In the decade since the definition of the SDRAM standard, SDRAM devices and their descendants have continued on a general scaling trend of exponentially higher data rates and slowly decreasing timing parameter values for each generation of DRAM devices. Table 12.2 contains a summary of timing parameter values for selected SDRAM, DDR SDRAM, and DDR2 SDRAM devices. Table 12.2 shows that fundamental device operation latencies in terms of wall clock time have gradually decreased with successive generations of DRAM devices, while DRAM device data rates have increased at a much higher rate. Consequently, DRAM device operation latencies have, in general, increased in terms of cycles, despite the fact that the latency values in nanoseconds have decreased in general.

TABLE 12.2

Timing parameter values of various x4 SDRAM, DDR, and DDR2 devices

Figure 12.22 shows the scaling trends of commodity DRAM devices from 1998 to 2006. In the time period illustrated in Figure 12.22, random row cycle times in commodity DRAM devices decreased on the order of 7% per year. In contrast, the data rate of commodity DRAM devices doubled every three years. Consequently, the relatively constant row cycle times and rapidly increasing data rates mean that longer requests or a larger number of requests must be kept in flight by the DRAM memory controller to sustain high bandwidth utilization.

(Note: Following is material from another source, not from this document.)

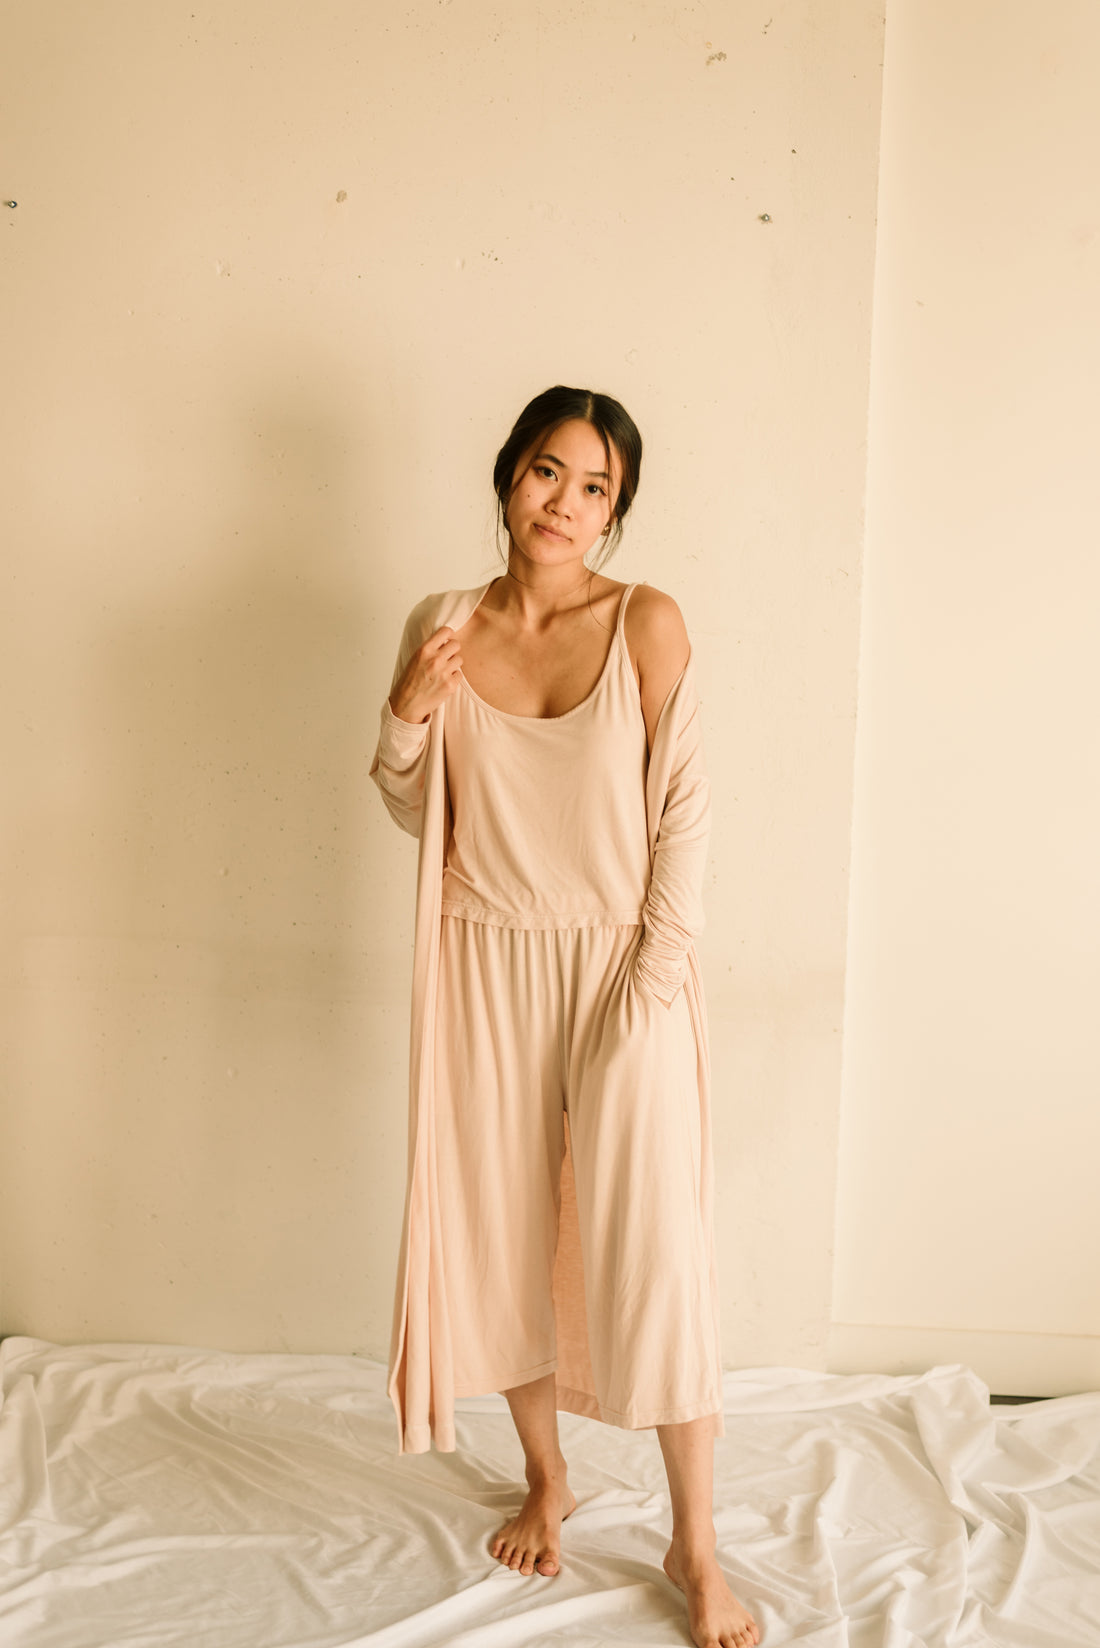 The Relaxed Bamboo Crop Pant

FIGURE 12.22 Commodity DRAM device timing and data rate scaling trends.

Figure 12.22 also shows an anomaly in that the refresh cycle time t_RFC has increased rather than decreased in successive generations of DRAM devices, unlike the scaling trends for other timing parameters. Although the t_RFC values reported in Table 12.2 are technically correct, the illustrated trend is somewhat misleading. That is, t_RFC increased for the DDR2 devices examined over that for the DDR SDRAM devices due to the fact that the DDR SDRAM devices examined in Table 12.2 are 512-Mbit devices, whereas the DDR2 SDRAM devices examined in Table 12.2 are 1-Gbit devices. In this case, the larger capacity means that a larger number of cells must be refreshed, and the 1-Gbit DDR2 DRAM device must take longer to perform a refresh command or draw more current to refresh twice the number of DRAM storage bits in the same amount of time as the 512-Mbit DDR SDRAM device. Table 12.2 shows that DRAM manufacturers have, in general, chosen to increase the refresh cycle time t_RFC, rather than significantly increase the current draw needed to perform a refresh command. Consequently, the refresh cycle time t_RFC has not decreased in successive generations of DRAM devices when the general trend of increasing capacity in each generation is taken into account.

Table 12.3 contains a summary of modern-commodity SDRAM devices, showing the general trends of lower supply voltages to the devices and higher operating data rates. Table 12.3 also summarizes the effect of the increasing prefetch length in SDRAM, DDR SDRAM, DDR2 SDRAM, and DDR3 SDRAM devices. Table 12.3 shows the worrying trend that the increasing data rate of commodity DRAM devices has been achieved at the expense of increasing granularity of data movement. That is, in a ×4 SDRAM device, the smallest unit of data movement is a single column of 4 bits. With increasing prefetch length, the smallest unit of data movement has also increased proportionally. The increasing granularity of data movement means that the commodity DRAM system is losing randomness of data access, and the higher device bandwidth is achieved only by streaming data from spatially adjacent address locations. The situation is being compounded with the fact that ×8 DRAM devices are far outselling ×4 DRAM devices, and ×4 DRAM devices are only being used in memory systems that require maximum capacity. Consequently, ×4 DRAM devices are now selling at a price premium over ×8 and ×16 DRAM devices.

TABLE 12.3

Quick summary of SDRAM and DDRx SDRAM devices

^a400-Mbps DDR SDRAM standard voltage set at 2.6 V.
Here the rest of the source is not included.